COLLECTED MATERIAL =>
■ ■ ■ ■
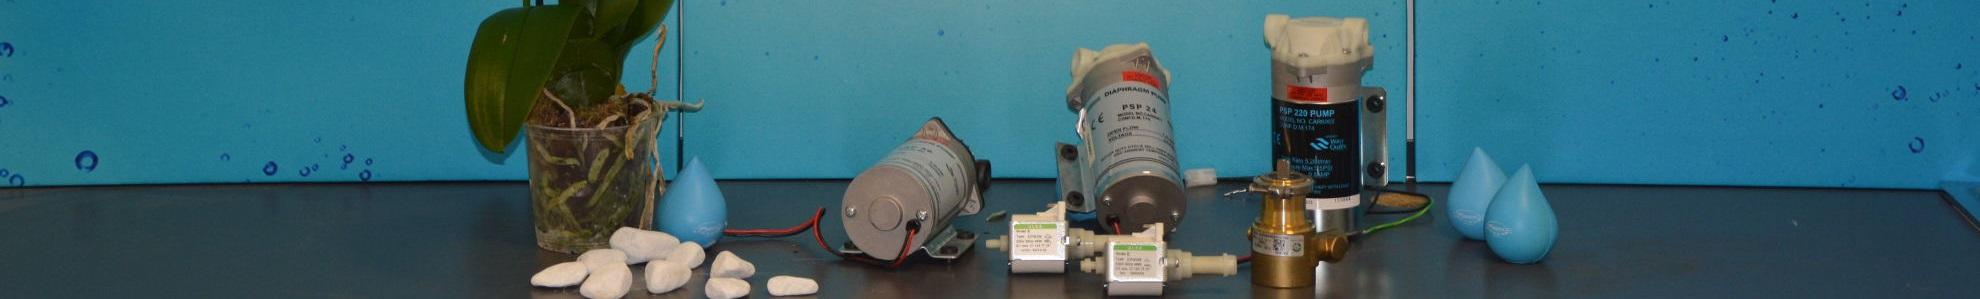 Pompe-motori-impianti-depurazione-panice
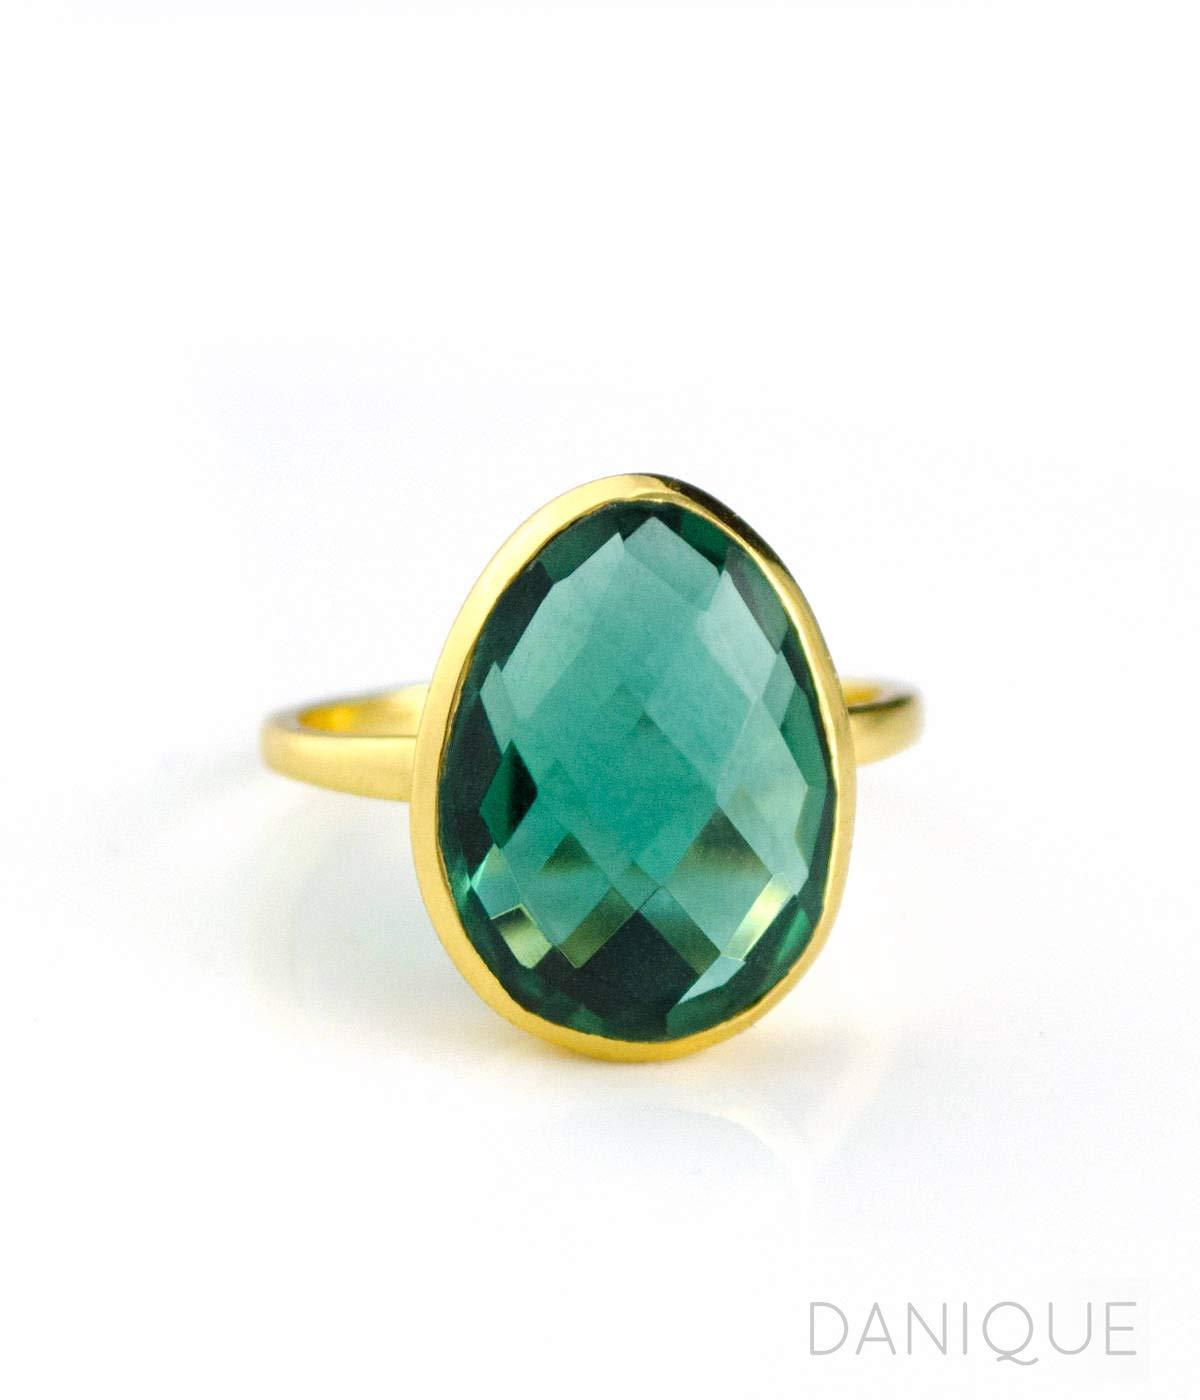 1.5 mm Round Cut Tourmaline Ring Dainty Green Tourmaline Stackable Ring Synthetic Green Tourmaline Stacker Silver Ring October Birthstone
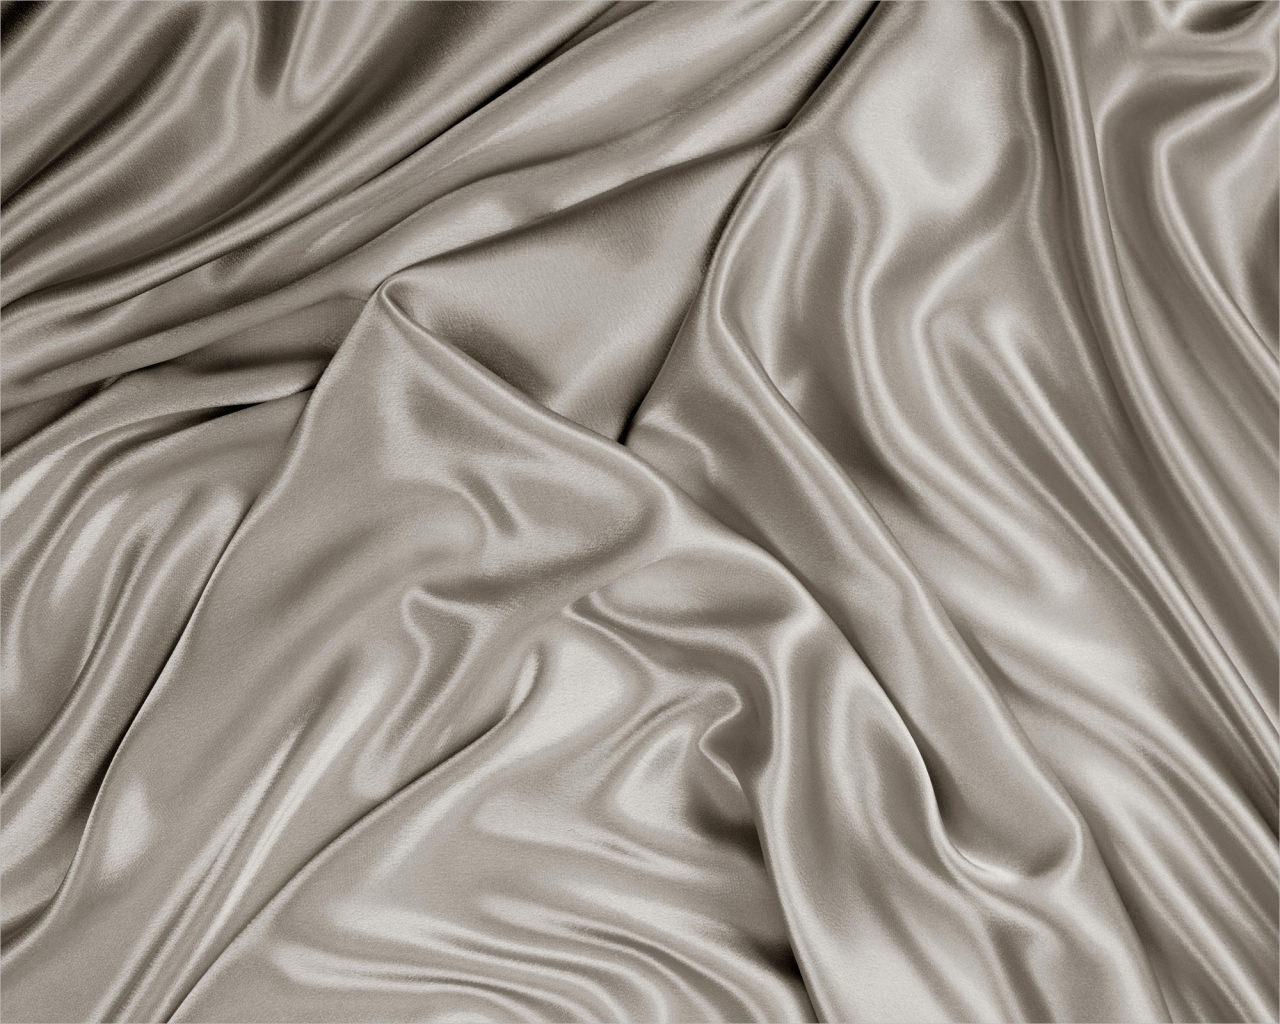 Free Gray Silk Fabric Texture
■ ■ ■ ■
PROBLEM DETAILS => Hand back the data above exactly, with no images.

RESULT OF THE EXERCISE =>
 Pompe-motori-impianti-depurazione-panice
 1.5 mm Round Cut Tourmaline Ring Dainty Green Tourmaline Stackable Ring Synthetic Green Tourmaline Stacker Silver Ring October Birthstone
 Free Gray Silk Fabric Texture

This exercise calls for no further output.